# Bear Anarchy - Tilted bottom cam and bent axle



## sequencer (Sep 6, 2013)

Hello, I've got a strange situation: I've Bear Anarchy, and I changed string and Yoke, but what I saw, quite scared me. Bottom cam is pretty tilted on one side, so Yoke is brushing is, it seems like it would derail if I shoot, and the axle on bottom Cam is somehow bent. Bow is quite within the specs, but it seems like one of the bottom limb is somehow stronger than the other bottom one, making the cam tilt. Bent axle is from the beginning, but the cam tilt is right after I've changed strings. What can be wrong? Thank You for your help.
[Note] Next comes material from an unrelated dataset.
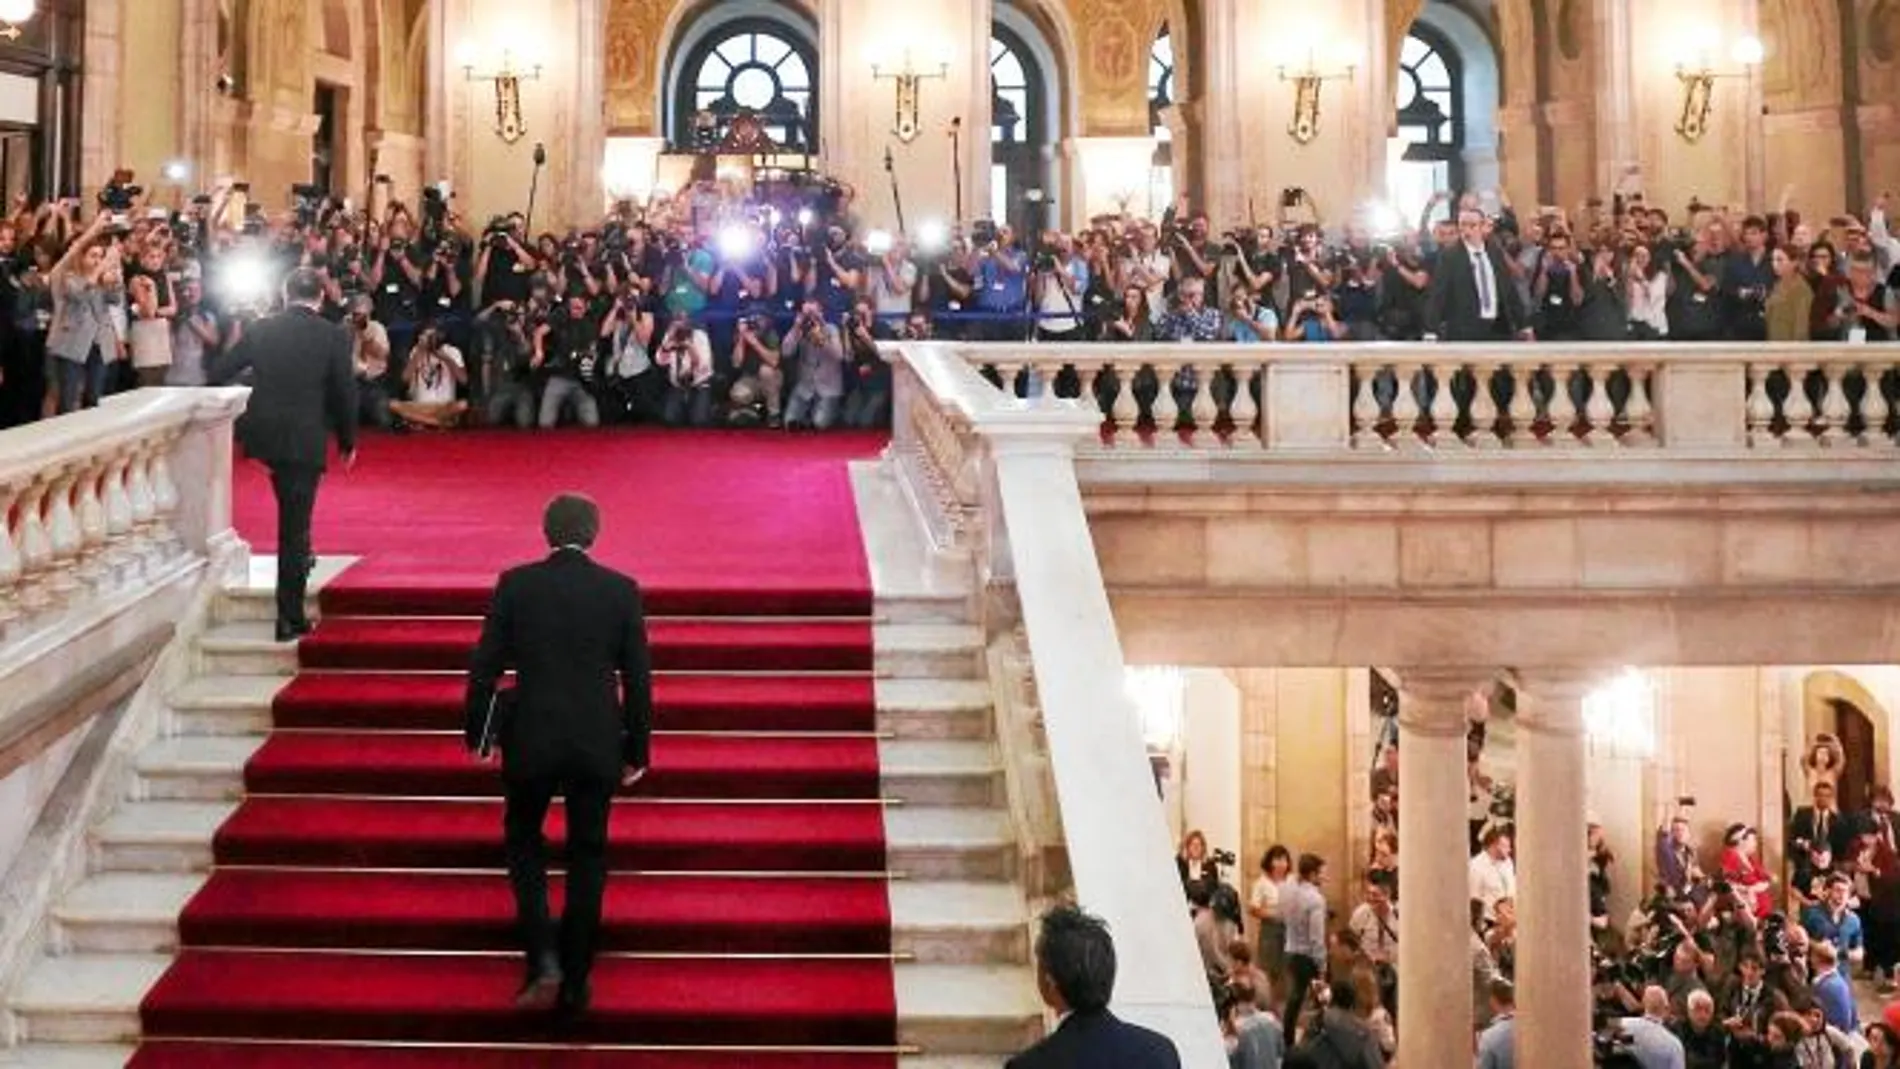 El presidente de la Generalitat, Carles Puigdemont, concitó ayer toda la atención en el Parlament de Cataluña

Pictures are not best, but this kind of problem was very difficult to capture.


----------



## Carbon Sniper (Nov 13, 2011)

Did you somehow rearrange the cam spacers? The pictures are not really clear enough to see any details. Also need some pictures showing more of the bow, to get better reference. I don't believe the axle is bent.


----------



## Carbon Sniper (Nov 13, 2011)

Which year model is your Anarchy? If you did not rearrange the cam spacers by removing the axle, make sure the cable / cables are routed correctly on the cams and through the cable slide / guide.


----------



## sequencer (Sep 6, 2013)

Anarchy is 2012 model. I was thinking of that routing through cable slider as well, I'll try to switch it, but it is now as original. I wasn't disassembling limb with cam, so the spacers are on the same position, as they were before. I'm pretty sure I've put everything on the same place, no parts were left on the table after upgrade, also moving with as less parts as possible. Right now I'm at work, so later I can give more pics. ATA is 35.43", it is little bit more, but it shouldn't be the source, right? When I draw the bow, tilting and bending is big as hell.


----------



## Carbon Sniper (Nov 13, 2011)

Maybe these will help.

---------------------------------------------------------------------------------------------------------------------------------------------


----------



## sequencer (Sep 6, 2013)

Wow, nicely colored bow  well, it didn't help, I just got the answer from Bear, they say to take the bow to Bear Archery pro shops, which is quite bad for me, as nearest shop is faaar away :/ But I've found a thread, where is solution for bottom cam lean by moving spacers, so the cam is closer to the stronger limb, or swap the limbs, so the cam's lean should be eliminated. I'll give it a try, it was OK few days ago, it should be again.


----------



## Swain's (Dec 16, 2014)

Did you get this figured out? I'm working on one with a similar issue. Swapped limbs around and same issue. Shimmed the cam and was able to draw and shoot it with no issue, and get a bullet hole. However the cam was shoved so far away from one limb made me think the cam must be bent. So, new cam, same problem. It does de-rail when drawn. Putting new limbs on it now......


----------



## Swain's (Dec 16, 2014)

I just took a closer look at your photos. I am fairly certain the problem is with the bottom cam spacers. It appears the cam is directly in the center, even spacers on each side of the cam. If you take one of the thicker spacers and put it on the "right" side, or cable guard side of the cam, it will reduce the cable torqueing the cam and causing it to de-rail. I had the same exact problem! I swapped it and if fixed it completely. I did put new limbs on the bow, too, but it was doing the same thing but not as bad. (The new limbs had better deflection, so that helps). Bow now draws perfectly without a bunch of torqueing and leaning, and is shooting bullet holes thru paper!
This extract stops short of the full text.